The Future of Prudhoe Bay
How Hilcorp’s acquisition of BP’s Alaska assets will affect operations in Prudhoe Bay is the $5.6 billion question. The answer is a mix of knowns and unknowns.
“You’ve got multiple owners in the Prudhoe Bay field,” Popp says. “ConocoPhillips and ExxonMobil will continue to maintain their level of ownership in that field once the deal is approved. From an operational point of view, Hilcorp is going to have to meet the expectations of their co-owners. I think that’s not going to change.”
But he says he expects that Hilcorp’s business model, which is different from other North Slope oil companies, will have a ripple effect.
“What is it going to do in terms of the business model for the North Slope? I think it’s going to make some improvements in that there’s going to be new investment brought into an old field [that] has not had the investment we’d have liked to see in bringing on the more marginal lines,” Popp says. “It will hopefully bring new barrels into the system.”
Details on Hilcorp’s exploration and development plans are sparse, which Popp says isn’t unusual at this stage of the process.
“They’re in there right now doing their final due diligence on the final BP assets, then they’re going to recognize there are areas where they want more information that BP wasn’t able to provide,” Popp explains. “It’s going to be a period of time and transition and analysis on their part, which is my speculation.
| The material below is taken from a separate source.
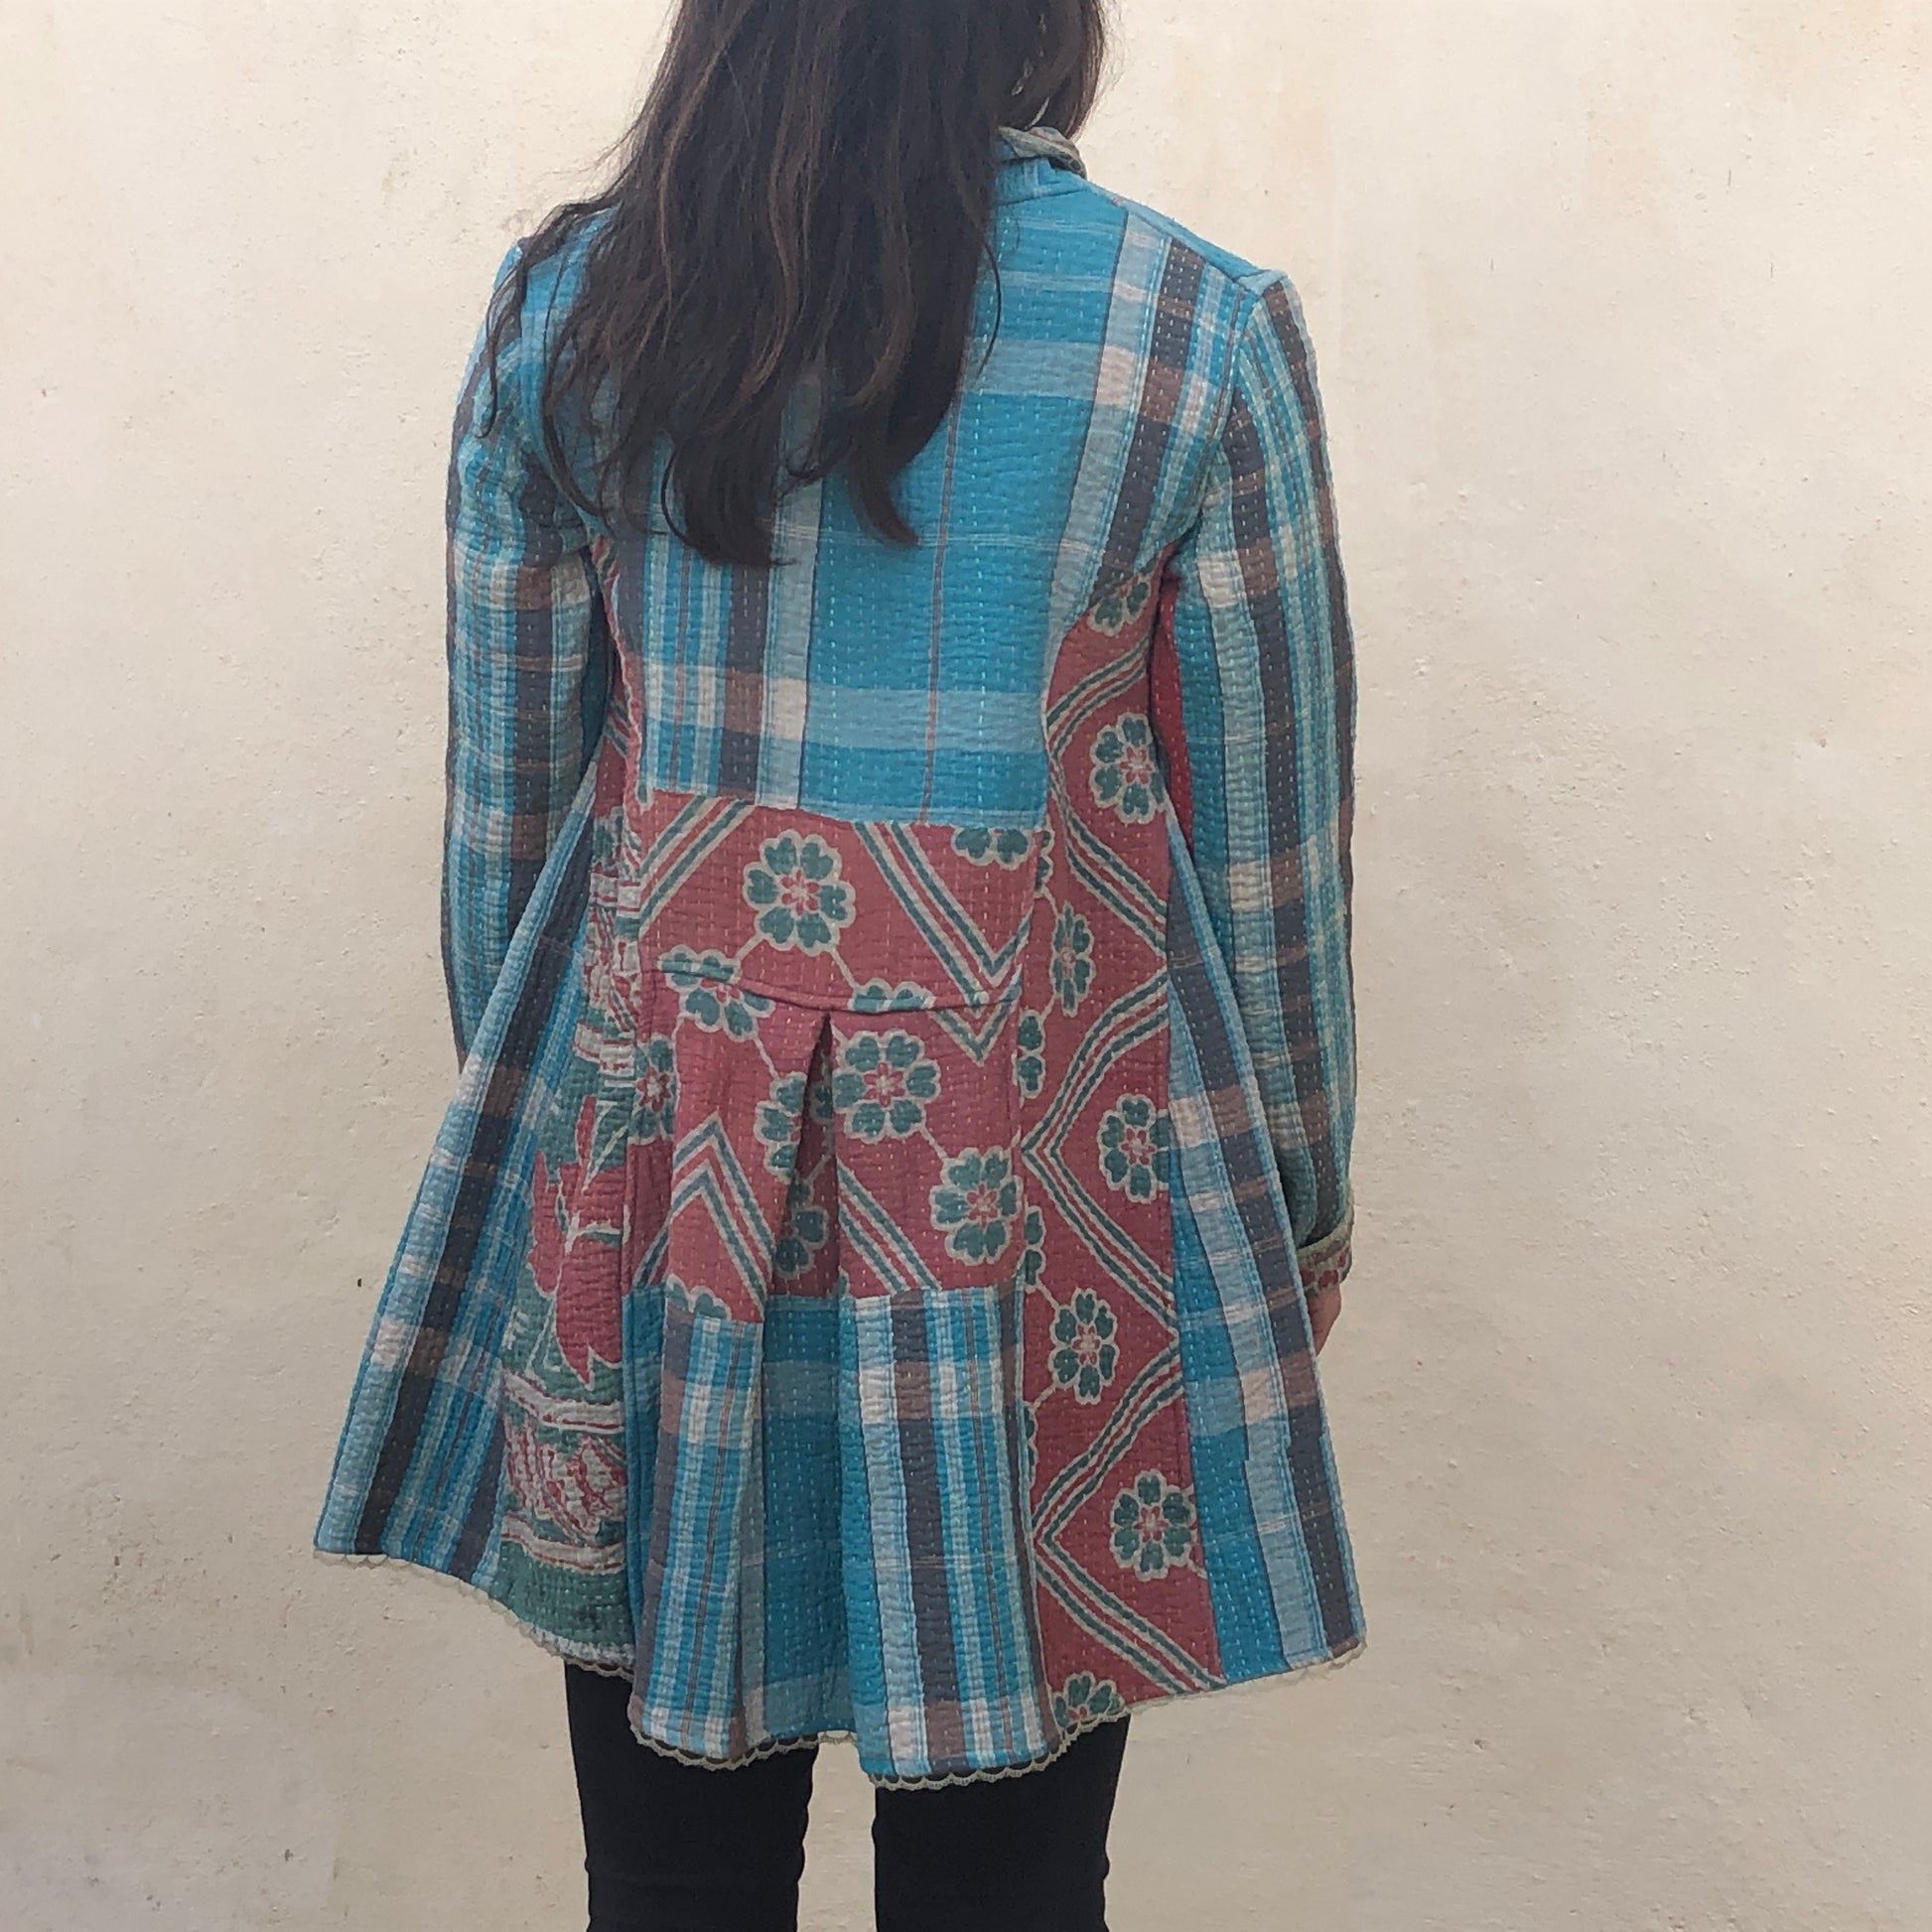 Blue, Grey and Pink Kantha Coat From Back View

But I don’t think that’s going to be an extended period, because they did not buy this asset just to sit on it.”
Permit applications Hilcorp filed with the Alaska Division of Oil and Gas shed light on their immediate plans. The division approved a proposal to expand its polymer injection facility at F Pad in the Milne Point Unit and to drill six development wells in the Ugnu Reservoir at Milne Point’s S Pad; Hilcorp amended the proposal in January, seeking approval to drill an additional four wells.
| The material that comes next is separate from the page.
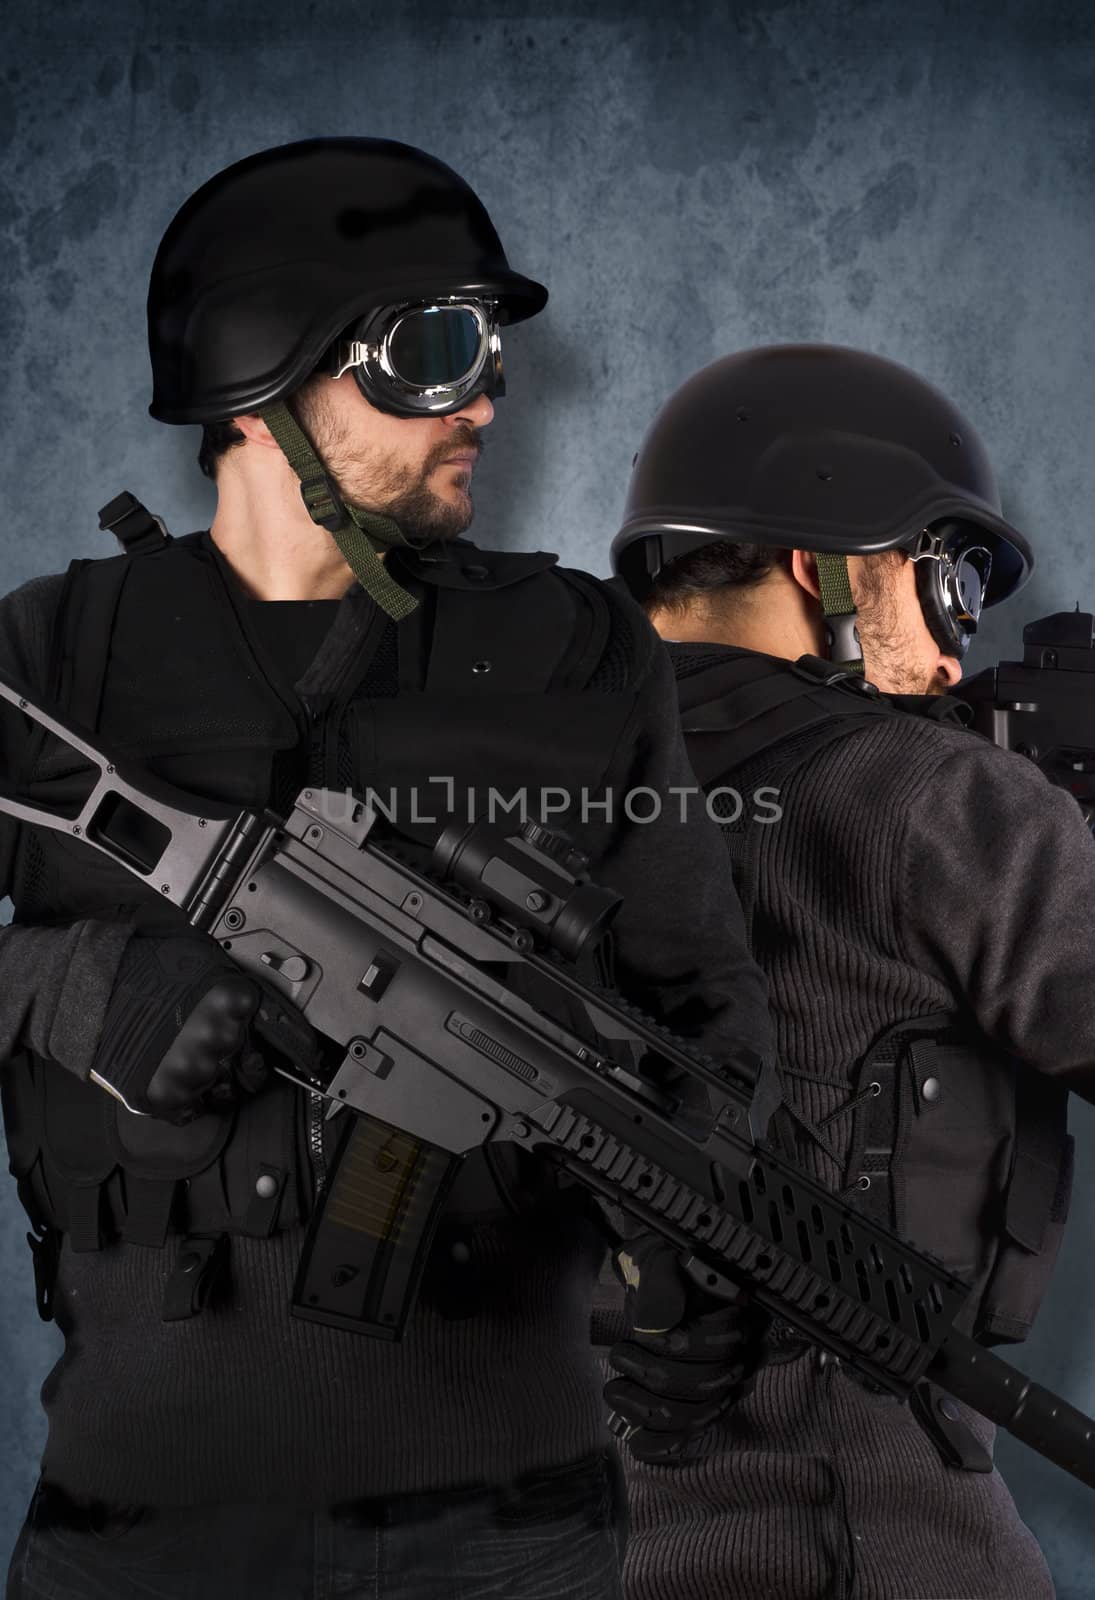 Two soldiers, swat and police concept

“We’re excited about a pad called I Pad at Prudhoe Bay,” Wilkins told legislators. “We’re the first to bring polymer flooding to the Milne Point facility and to the North Slope. Two polymer flood pads are going on at Milne Point, and we’re in the process of expanding two more facilities; that’s going to double the recovery in the heavy oil.”
Uncertainty is part of any transition, and the COVID-19 pandemic, which has drastically reduced the price of oil and caused other oil companies to cut back on their spending, has added another dimension to that uncertainty. But assuming the global oil market settles down after the pandemic has passed, Popp says the sale should be good for Alaska.
“The bottom line is I think that this transaction, in the end, is going to lead to a more robust North Slope for Alaska in terms of barrels produced and jobs,” Popp says. “It’s just not necessarily going to be the same model that we’re used to.”